To determine dependency of survival on tumor stage and grade combined with expression of CXCR3, further analysis was performed. As expected, patients with tumor stage pT3/4 or grade G3/4 showed significantly poorer RFS compared to lower stages. We subsequently put each low or high expression of CXCR3 into further correlation and could observe a considerable difference in time to recurrence when comparing pT3/4 and grade 3/4 with CXCR3low vs. CXCR3high (24.5 vs. 16 months and 79 vs. 56 months, respectively). The difference in the subpopulation group of pT1/2 CXCR3low with 160 months to recurrence versus the group staged T3/T4 with CXCR3high with 16 months describes one yet impressive effect of the influence of CXCR3 expression on the RFS.

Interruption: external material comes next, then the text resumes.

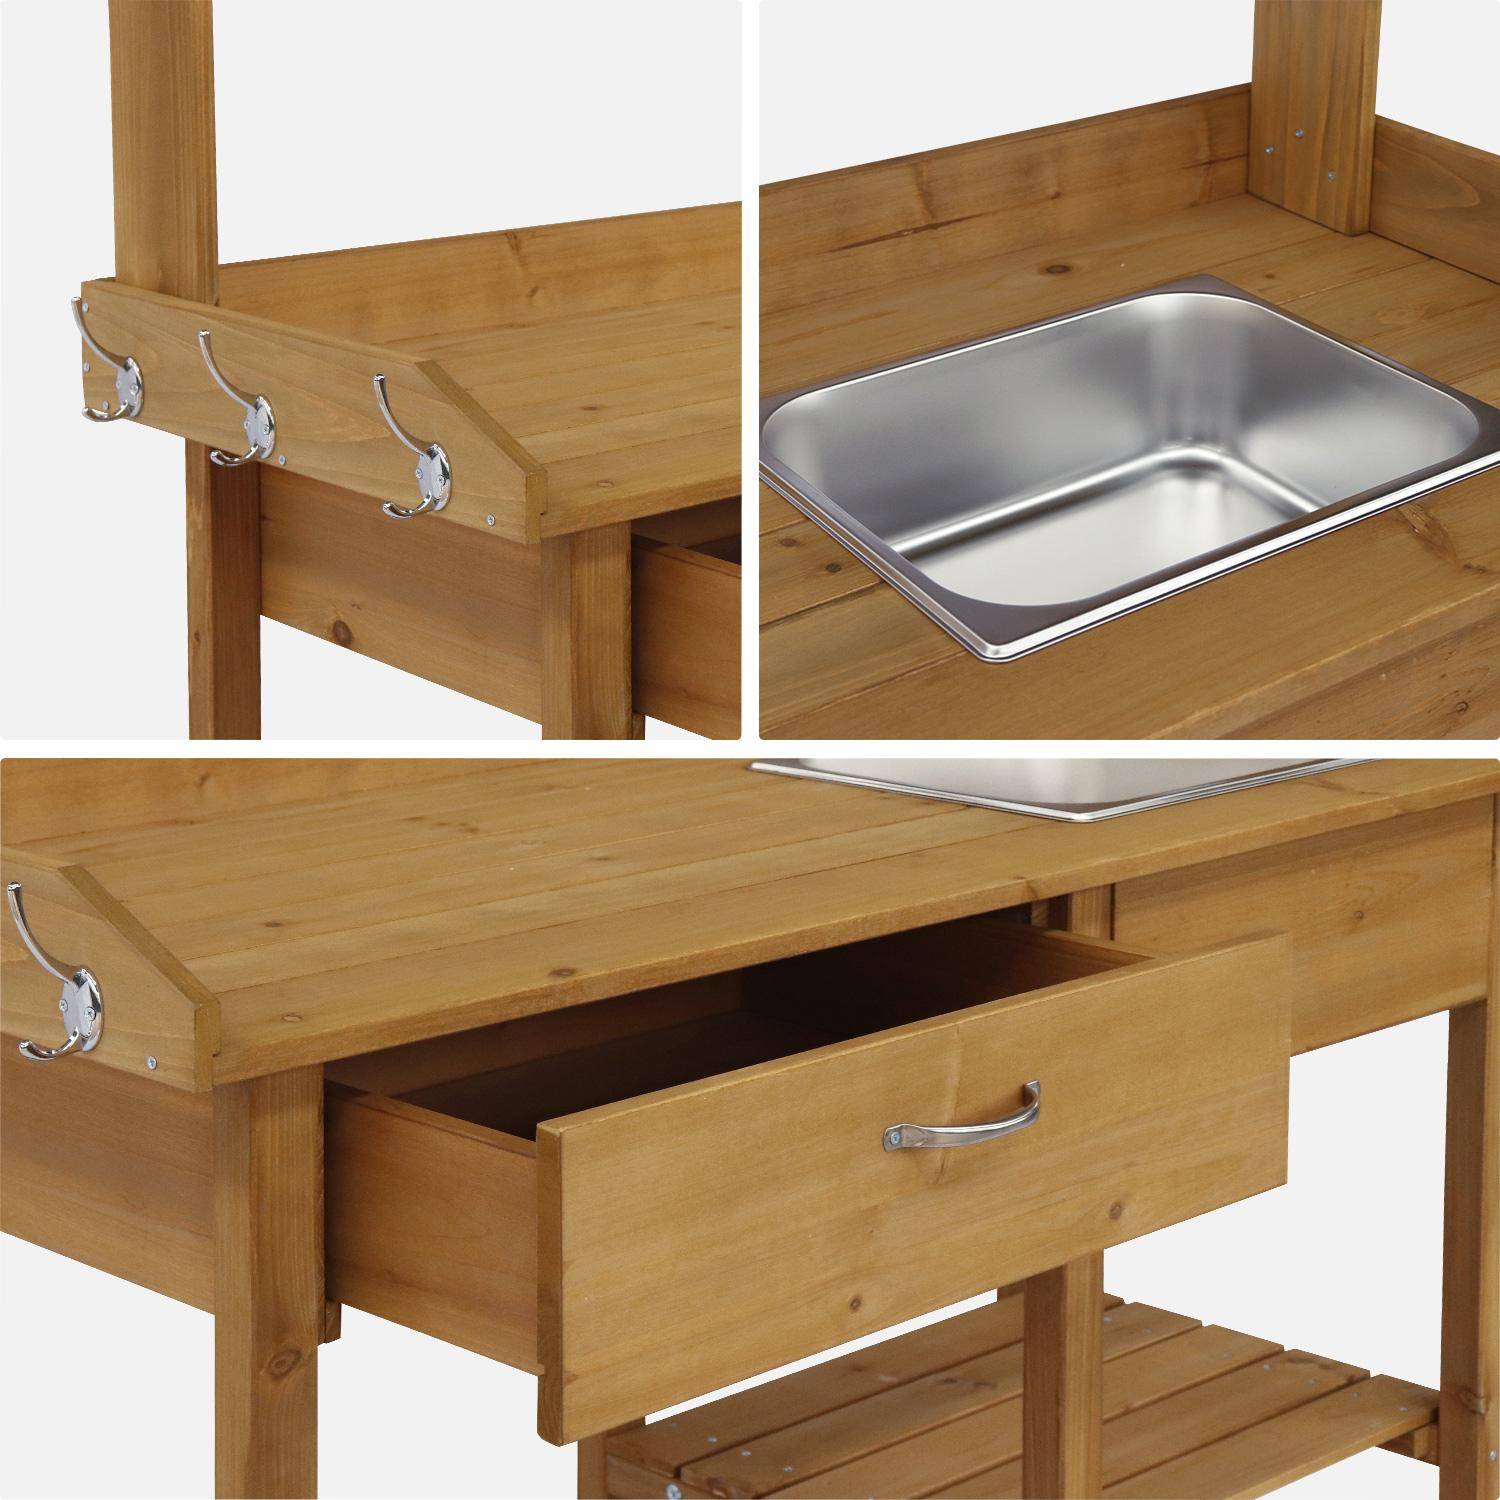 Capucine mesa de madera para macetas, 1 cajón, 2 estantes, 1 fregadero, ganchos,sweeek,Photo5

Chuah et al. identified circulating CXCR3 expressing CD8+ T cells as biomarkers for response to anti-PD-1 in patients with hepatocellular cancer, assigning CXCR3 not only to a role as prognostic marker of recurrence but also as a marker of response to anti-PD1 therapy [51]. Further, CXCR3 ligands are also seen as positive indicators of responsiveness to anti-PD-1 therapy [50]. CD8 T cell infiltration has additionally shown to be indicative to a benefit from combined anti–PD-1 and anti–CTLA-4 in patients with solid tumors [52] hypothesizing that high CXCR3 with highly co-expressed CD8 also could be beneficial when receiving immunotherapy. Similar results were described by Feng et al. in a study with metastatic bladder cancer, where activation of the CXCR3 pathway is proposed as a novel predictive biomarker for the efficacy of immunotherapy [53].

5. Conclusions

In conclusion, CXCR3 was mainly expressed on intratumoral CD8+ and CD4+ T cells. We have shown that high density and expression of CXCR3 is associated with advanced tumor stage and poorer RFS in surgically treated RCC. Our analysis might represent an additional prognostic signature that could constitute a novel indicator beyond TNM staging and histological grade. CXCR3 might therefore be a useful prognostic as well as predictive biomarker in selecting patients at high recurrence risk for adjuvant immunotherapy.